Of all the things that happened to make this day bad, this was definitely the worst.  Now I had to worry about getting Jake back, and getting Ray off of my back.

"Nicki, Jake is a childish little boy, and he will always be like that. You don't deserve to be treated like that. He doesn't see that you did this for him and you deserve better. You deserve me." He concluded.

Even though I didn't want to admit it, Ray had a point. Jake had been treating me like trash, and I was sick and tired of it. I began to wonder if being with Jake was even worth it anymore. But, I knew that what I felt for him was real, and that I only liked Ray as a friend.

"Ray,  I'm sorry but..." I didn't get to finish my sentence because Ray slammed his lips on mine. I pushed him away, and looked at him like he was insane.

"And just when I was about to come to you and spill out my feelings..."

I turned around, and there was Jake, standing there with a hurt expression on his face. He didn't even seem angry. Just ... heartbroken.

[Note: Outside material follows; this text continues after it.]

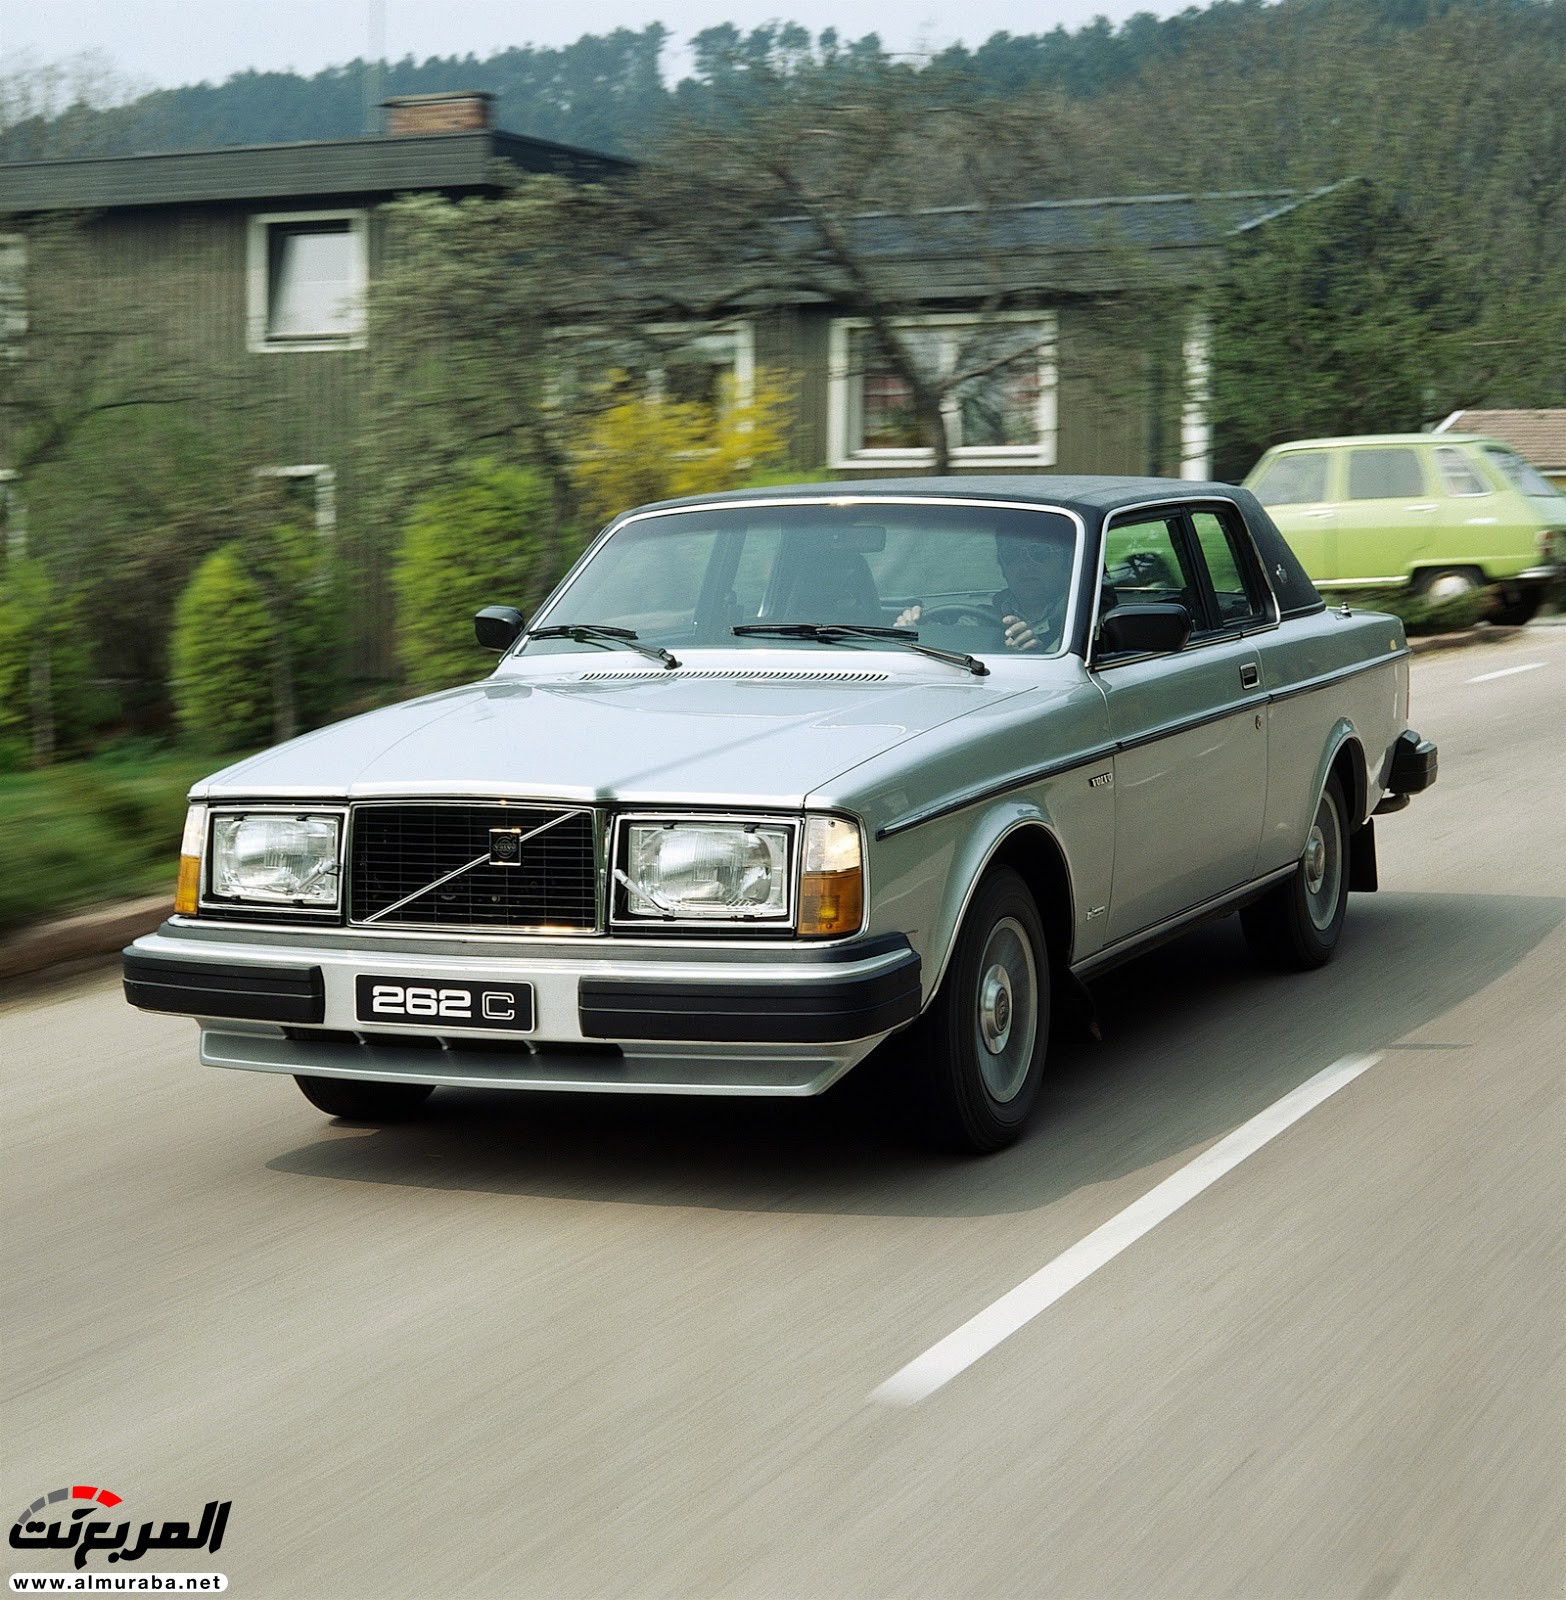 ذكرى مرور أربعين عام على طرح "فولفو" 262C الكوبيه Volvo 28

"Jake, it isn't what it looks like!" I wanted to slap myself at how cliche I sounded, but it was the truth. He didn't give me a chance to explain, and just walked off. I knew I shouldve been on the verge of tears, but the only thing I felt was pure rage, and it was directed at Ray.

"Why the fuck would you do that? I don't like you Ray! Just go back to Brianna because I don't want to be with you! We will never be together!" I screamed at him, my face probably turning red in the process.

I ran in the direction where Jake took off only to see him getting into his car and driving off.

"Fuck!" I said in agrivation.

I stormed off to my house, not even looking back to see if Ray was still standing where I'd left him. I know that I hurt his feelings, but frankly,  I couldn't give less than a fuck.